Control character display using font encoding (was: Several necessary features)

Posted: 30 Mar 2017 07:53
by FalseMaster
  1. Copying to clipboard current offset at <Alt+Ins> keystroke (like in OllyDbg). (Done)
  2. Replacing in selection. Switching to this mode must be automatic (detect presence of marked area). (New Topic)
  3. Block selection if <Alt> key is pressed (like in AkelPad). (Agreed it was not crucial)
  4. Show symbols with codes 0 – 31 when ANSI charset. (Discussed here)
Edit(Maël): I added notes for each feature request, to have a quick overview.

Re: Several necessary features

Posted: 30 Mar 2017 17:11
by Maël
FalseMaster wrote: 30 Mar 2017 07:53 Copying to clipboard current offset at <Alt+Ins> keystroke (like in OllyDbg).
Added, will be in next update.
FalseMaster wrote: 30 Mar 2017 07:53 Replacing in selection. Switching to this mode must be automatic (detect presence of marked area).
Maybe I am missing something, but that should be here already: The selection is replaced when you paste in overwrite mode and insert mode like in a text editor. If you want to overwrite without resizing there is ctrl+b (see edit menu).
Finally, there is an insert mode and overwrite mode, which can be switched using the Ins key, as in most editors.
If you press a key in overwrite mode, the selection is not replaced (on purpose). If you press a key in insert mode, the selection is replaced.
Since usually resizing a binary file arbitrarily will break its file format, overwrite mode is the default.
FalseMaster wrote: 30 Mar 2017 07:53 Block selection if <Alt> key is pressed (like in AkelPad).
Do you have a use case for block selection in a hex editor?
FalseMaster wrote: 30 Mar 2017 07:53 Show symbols with codes 0 – 31 when ANSI charset.
I guess the DOS/OEM character set is what you want. The Ansi code pages of Windows do not assign any visible characters in the range of 0-31.
https://en.wikipedia.org/wiki/Code_page_437

Re: Several necessary features

Posted: 02 Apr 2017 03:49
by FalseMaster
Maël wrote:Maybe I am missing something…
Yep. I mean "find and replace" operation.
Maël wrote:Do you have a use case for block selection in a hex editor?
You're right. This way is rarely needed, but will require big changes in code.
Maël wrote:The Ansi code pages of Windows do not assign any visible characters in the range of 0-31.
Visibility of characters in range of 0-31 is font-dependent, not code page. E.g. in "Sourier New" font 32 begining symbols (except 0-coded) are realized.
49d00936d5ef.png
49d00936d5ef.png (11.31 KiB) Viewed 7984 times

Re: Several necessary features

Posted: 02 Apr 2017 08:57
by Maël
Thanks for the picture to clarify.

This is what I get with Lister under German Win 8.1 (same settings as yours, except the font, which it didn't let me change):
lister.png
lister.png (10.18 KiB) Viewed 7978 times
The major goal is to have a reproducible and predictable system, and character sets and code pages always have been a very muddy topic, so let me elaborate.

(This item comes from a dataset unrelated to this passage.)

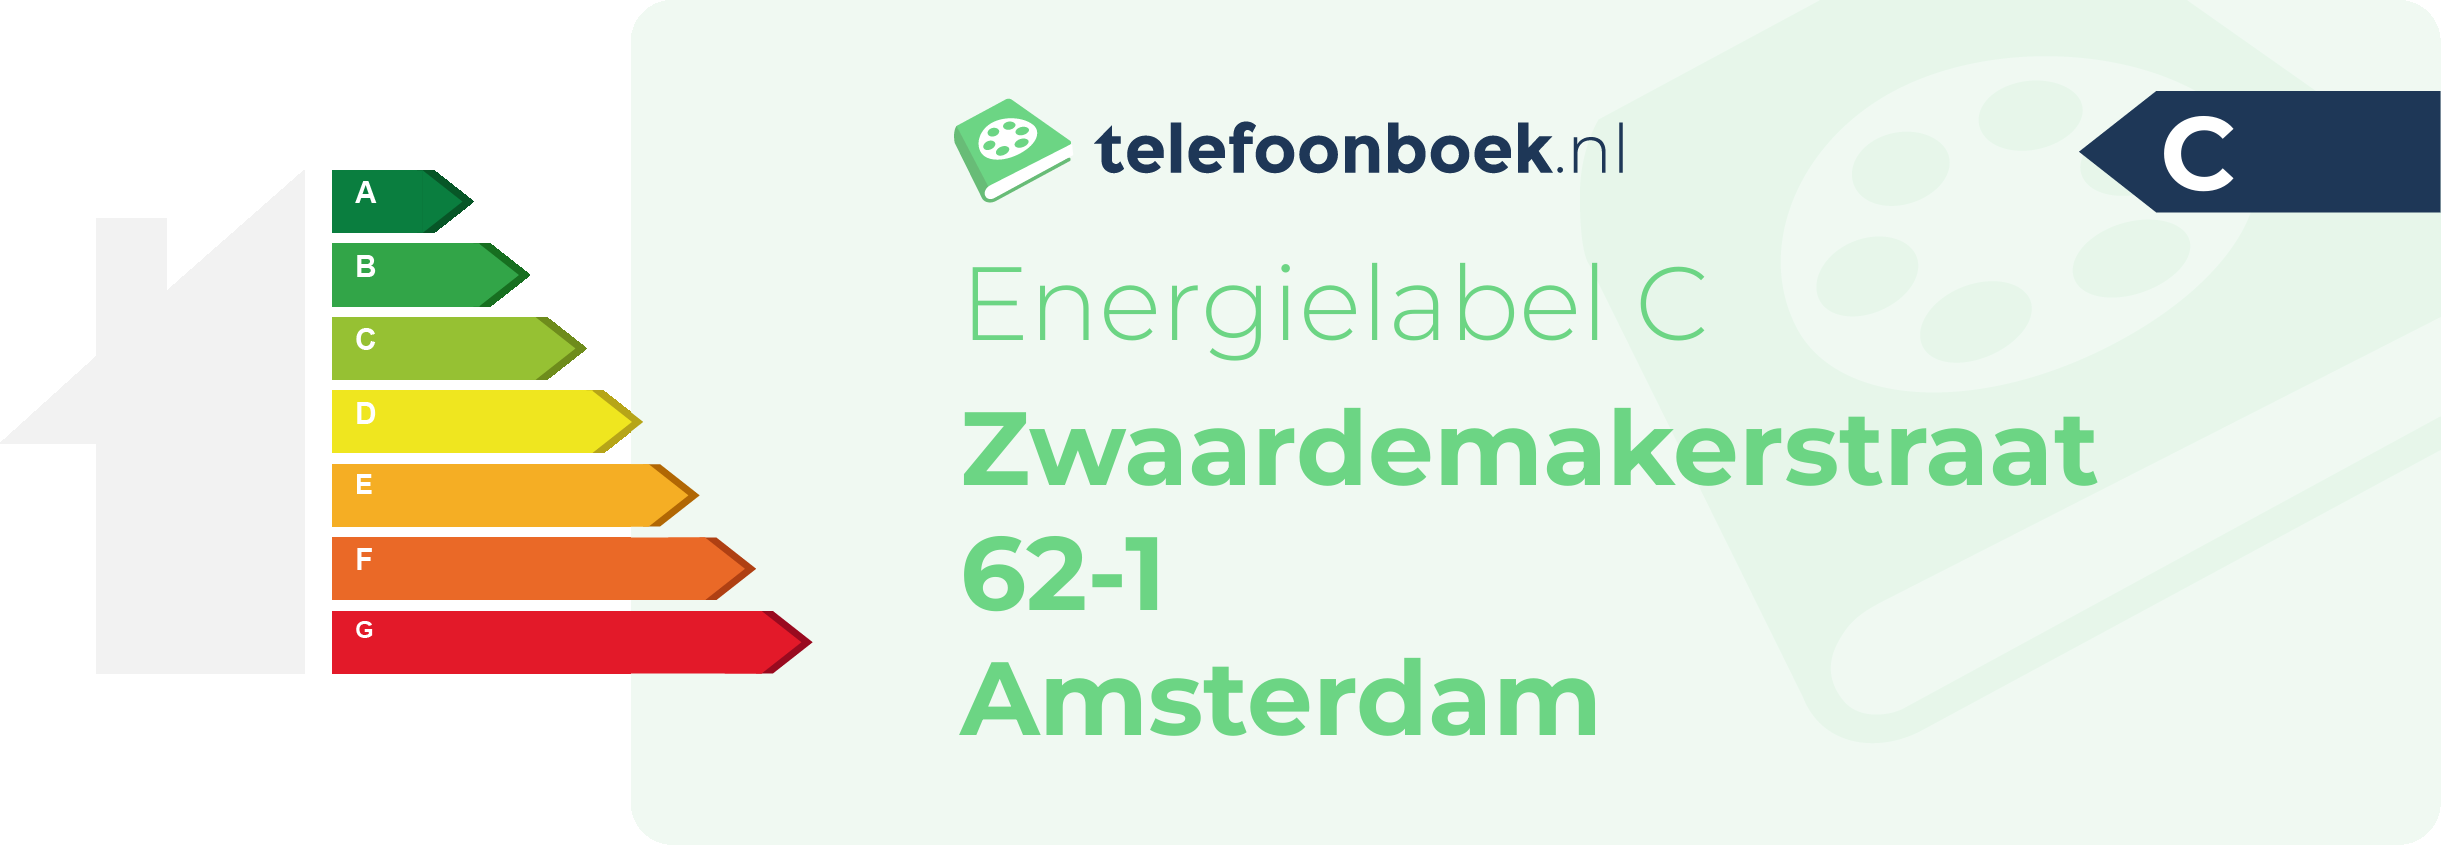 Energielabel Zwaardemakerstraat 62-1 Amsterdam
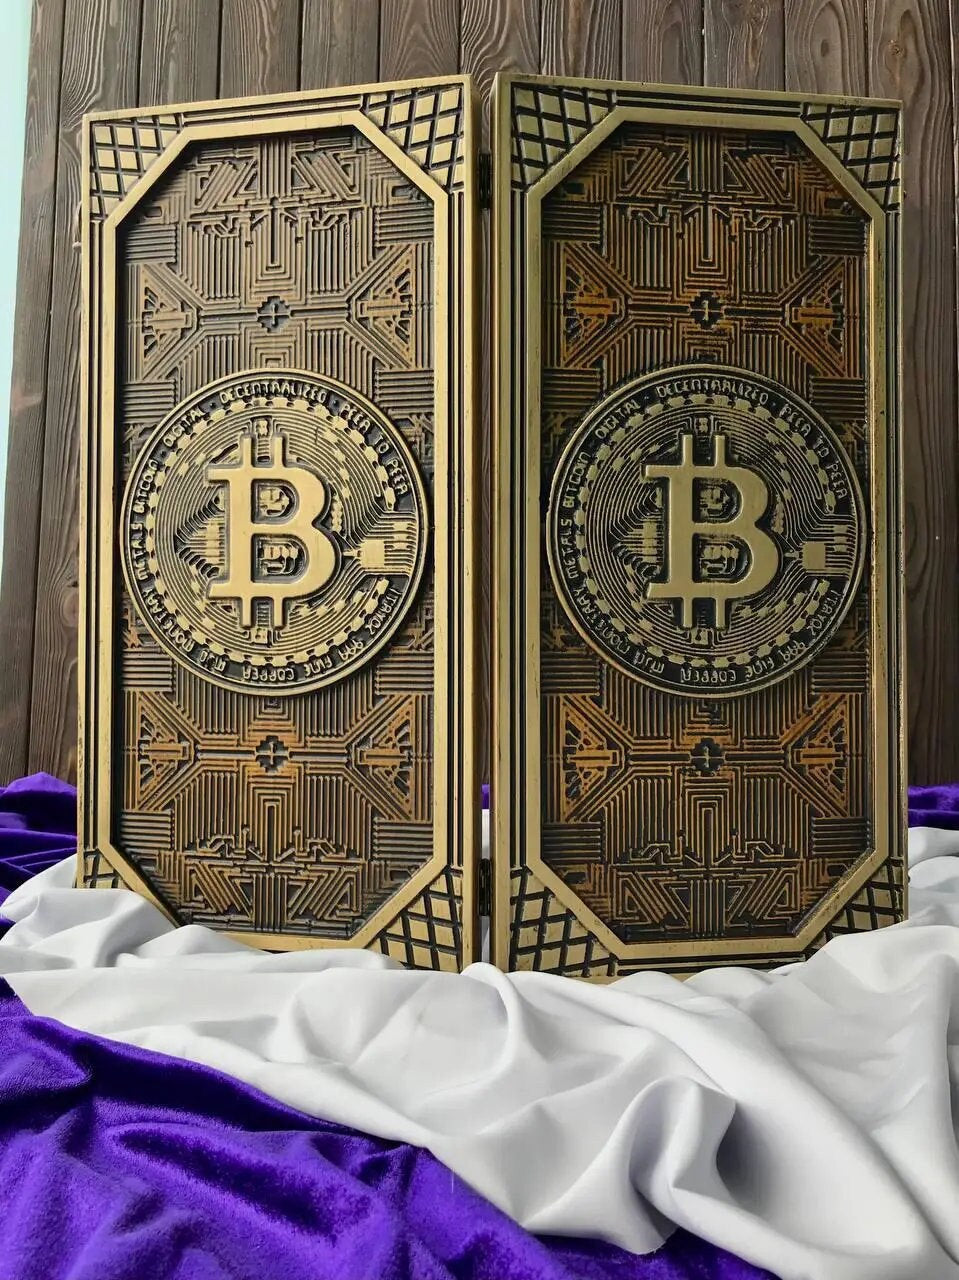 Bitcoin Backgammon set, Bitcoin board, Backgammon board, backgammon set wood, gift for men, custom backgammon board, gift for father

So far I only found one reference on the web, that shows the special symbols (such as smilies and dingbats) of DOS/OEM codepages for Windows CP1252 is this: http://beacon.chebucto.ca/Back/A9908/img/vga_1252.gif
All other references do not show any glyphs for the control characters.
If you draw the control characters, too, even if they are declared by Windows as non-printable, you get this:
Windows-1251.png
Windows-1251.png (55.82 KiB) Viewed 7987 times
I checked an old Win95 virtual machine: notepad showed only box glyphs for the control characters for all fonts, and the command line always used a DOS/OEM codepage (and you cannot switch to cp1252 as you can in modern Windows).

From all this information I guess that Windows-1251 (or Windows-1252 on a Western Windows) is used, but the control characters are displayed as in a DOS/OEM codepage.
So actually it is a mix of two codepages.

All tests with Windows 8.1 cmd.exe do not show such a mixed output, neither with the DOS code page, nor the cp1252, nor did Win95, as mentioned above.

So it seems to be pretty non standard to combine the two codepages and draw as shown in the screenshot.

Regarding fonts having their own encoding, yes, that's true. For example "Terminal" is encoded as "OEM/DOS".
If you select that font, it will render all as in "OEM/DOS" encoding, instead of the one selected in HxD.

The disadvantage is, that when you try to copy a string and paste it in an edit field (such as for the search function), it will look differently from what you see displayed in the hex editor, because the Terminal font has the wrong encoding. So actually, I would have to enforce the proper encoding, to make sure all works consistently.

But this is not the case for Courier New. It is an OpenType font and is encoded as Unicode, and should render Windows-1252 as defined.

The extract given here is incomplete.